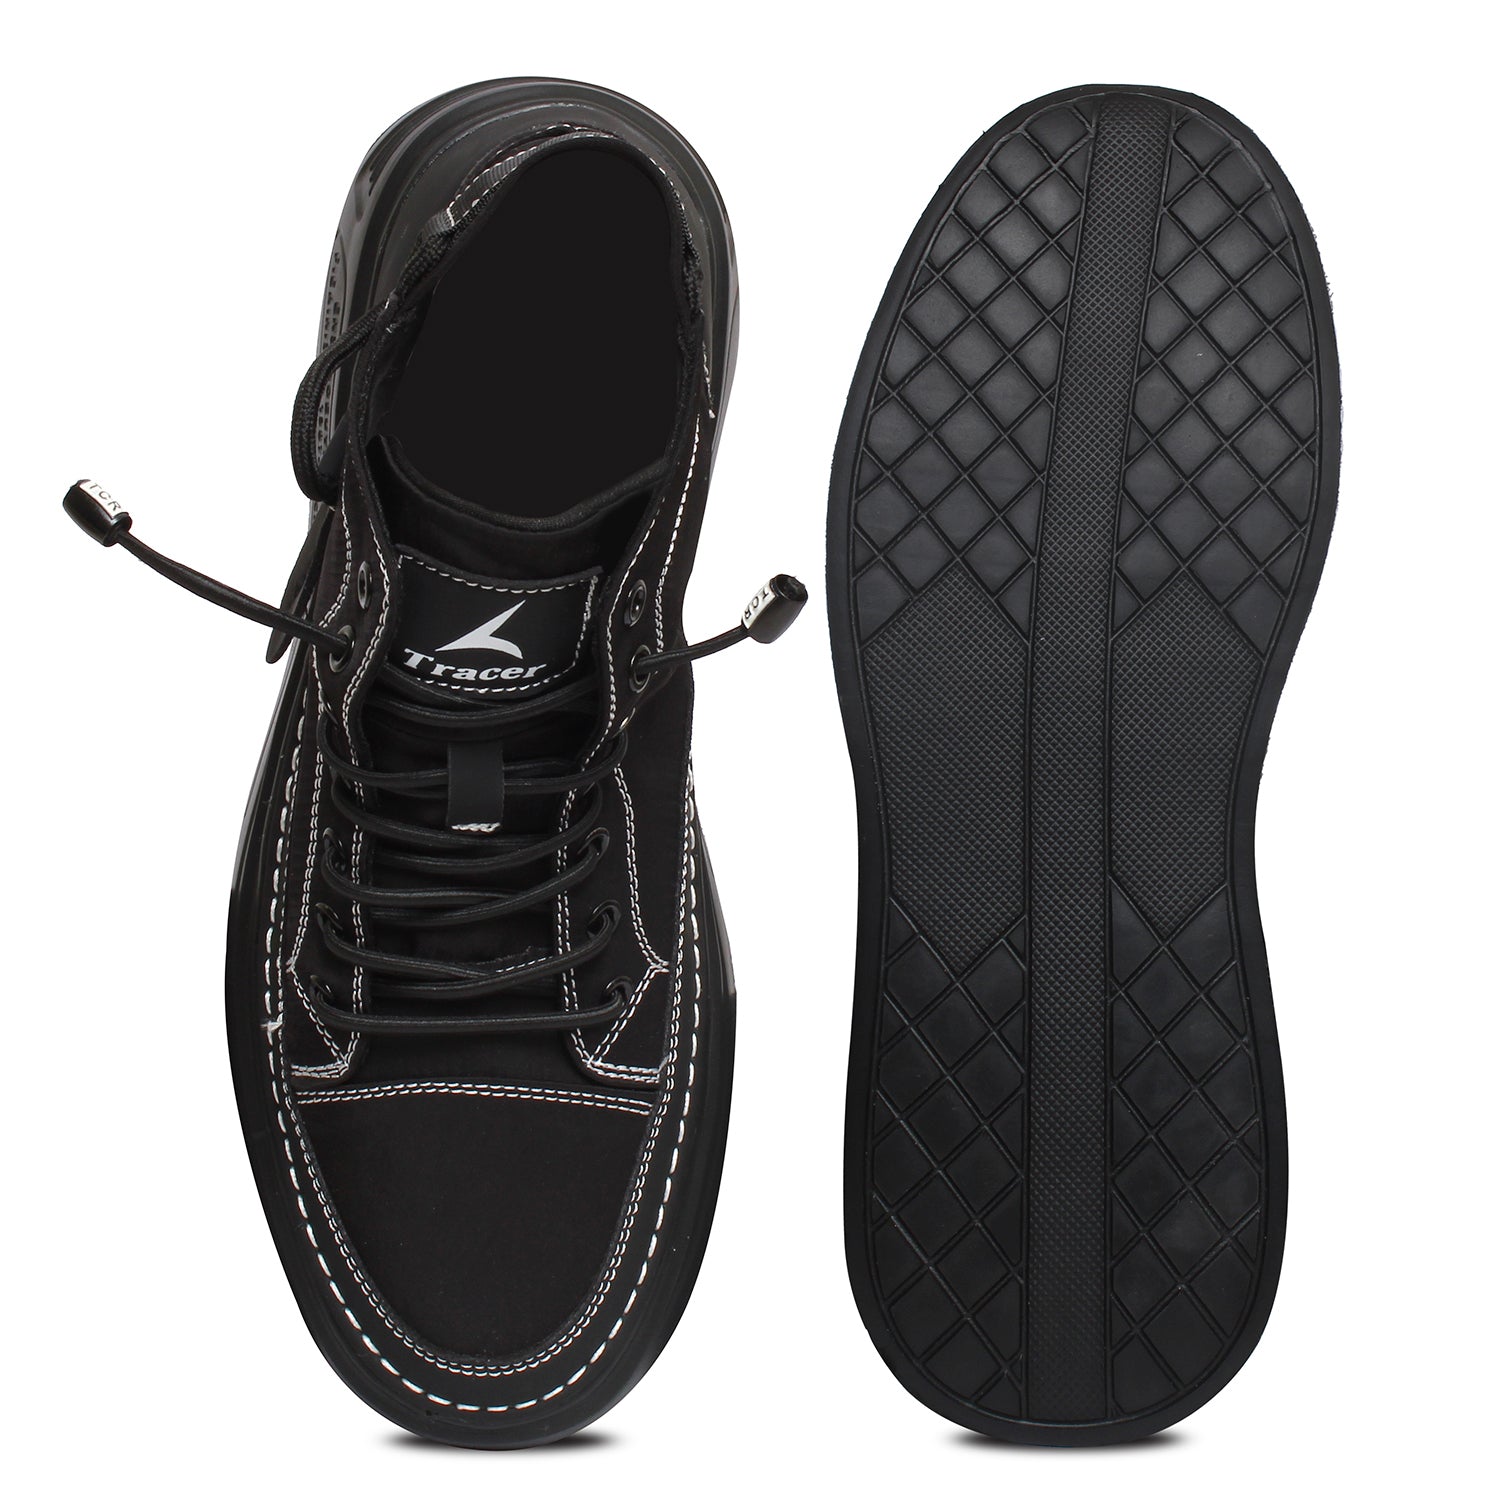 Tracer Sledge 2811 Sneaker for Men's Black
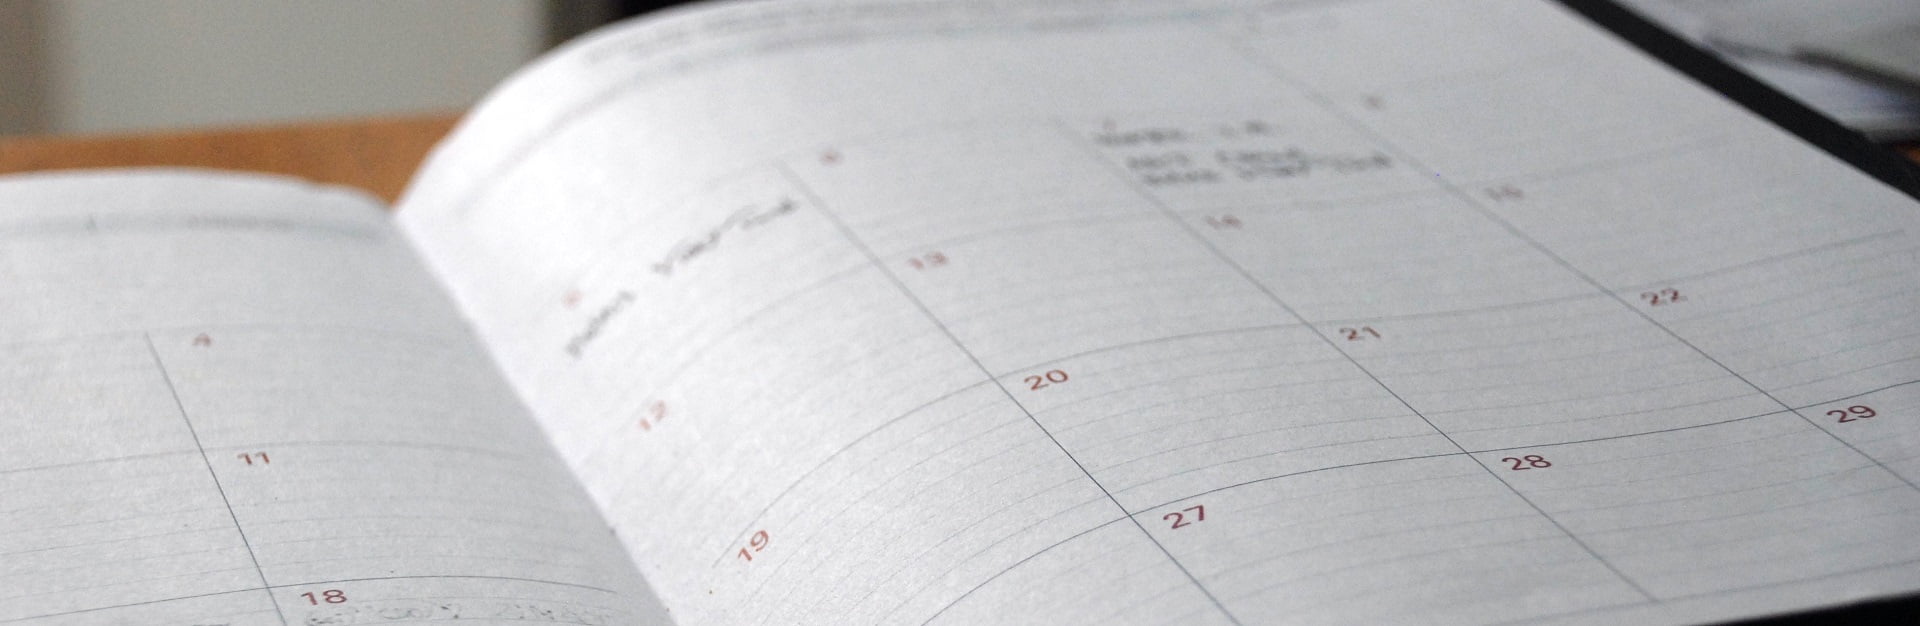 Bildausschnitt, der einen aufgeschlagenen Terminkalender zeigt, der auf einem Schreibtisch liegt
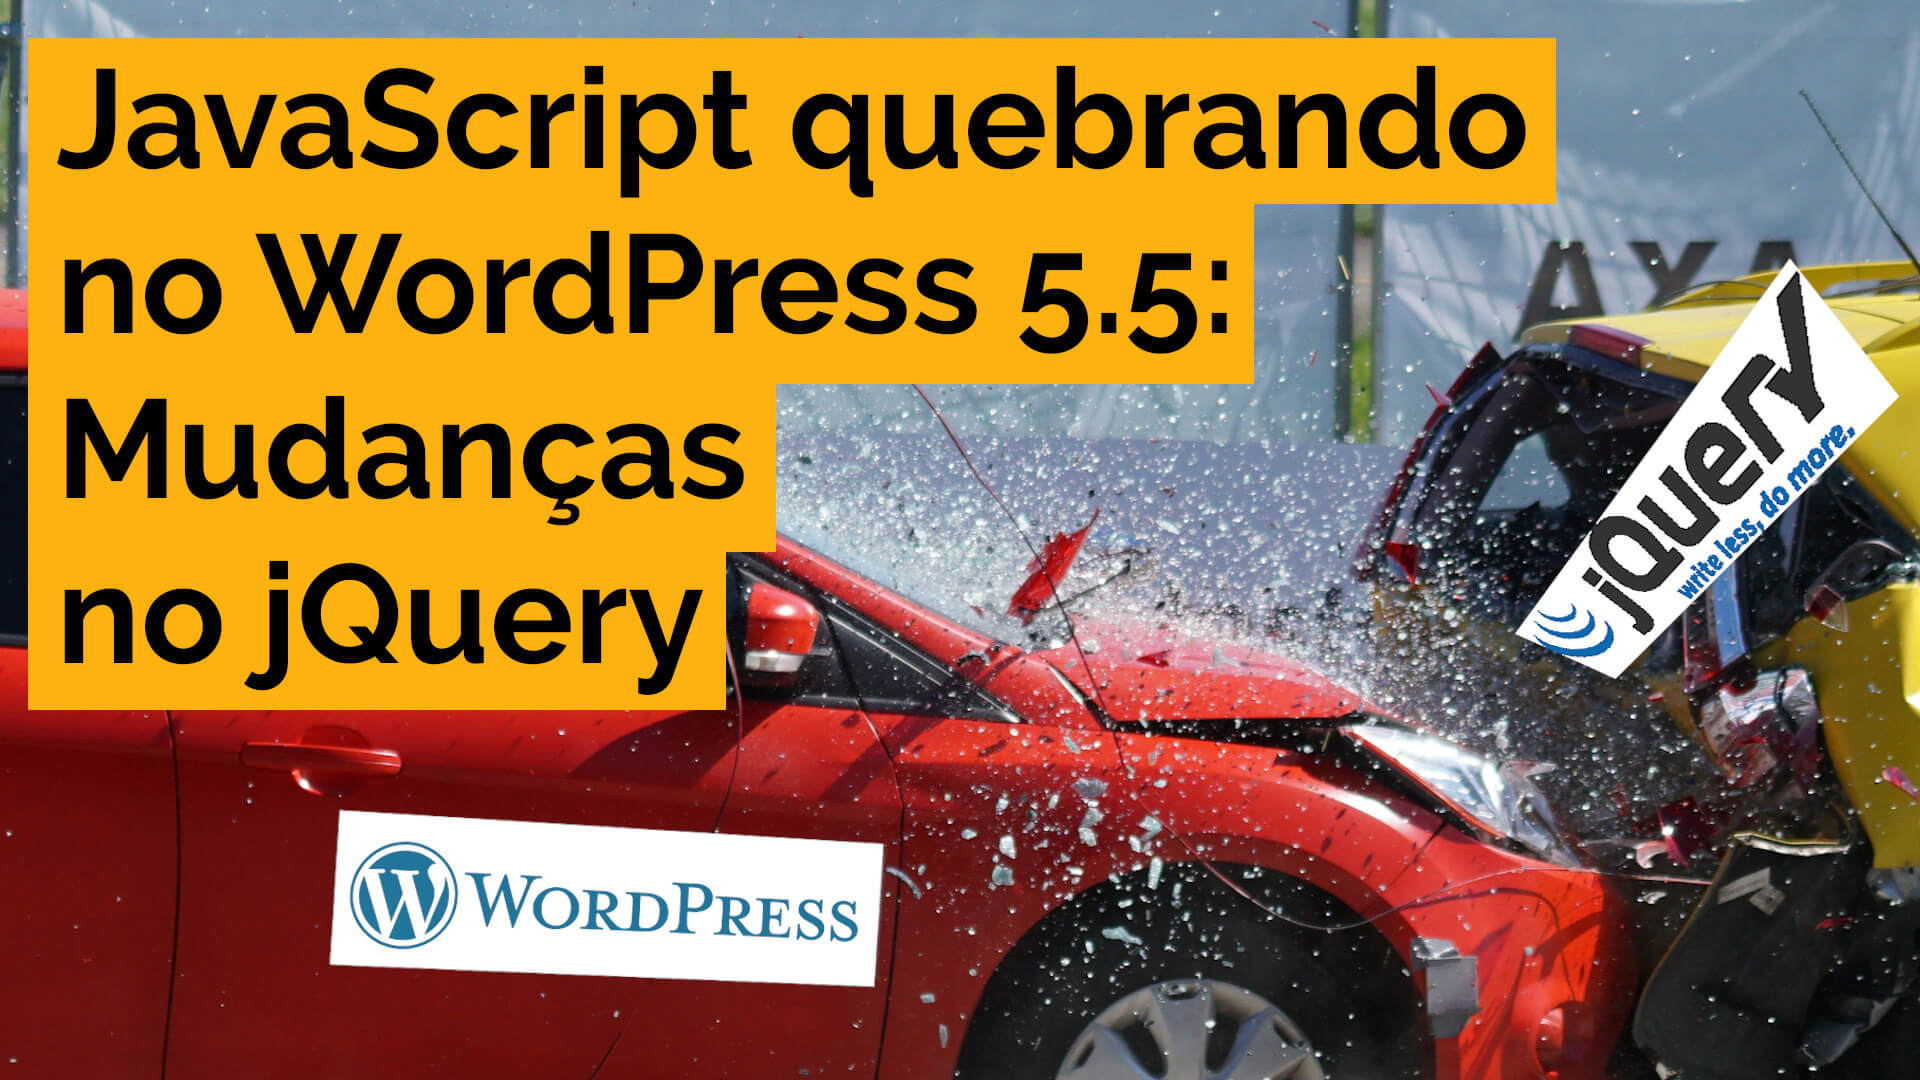 Você está visualizando atualmente JavaScript quebrando no WordPress 5.5: Mudanças no jQuery

> What to produce: Would you retype exactly the lines running from the line that contains "Bildausschnitt, der einen" through the end of the listing above, both included? Skip every picture.

> Exercise response:
 Bildausschnitt, der einen aufgeschlagenen Terminkalender zeigt, der auf einem Schreibtisch liegt
 Você está visualizando atualmente JavaScript quebrando no WordPress 5.5: Mudanças no jQuery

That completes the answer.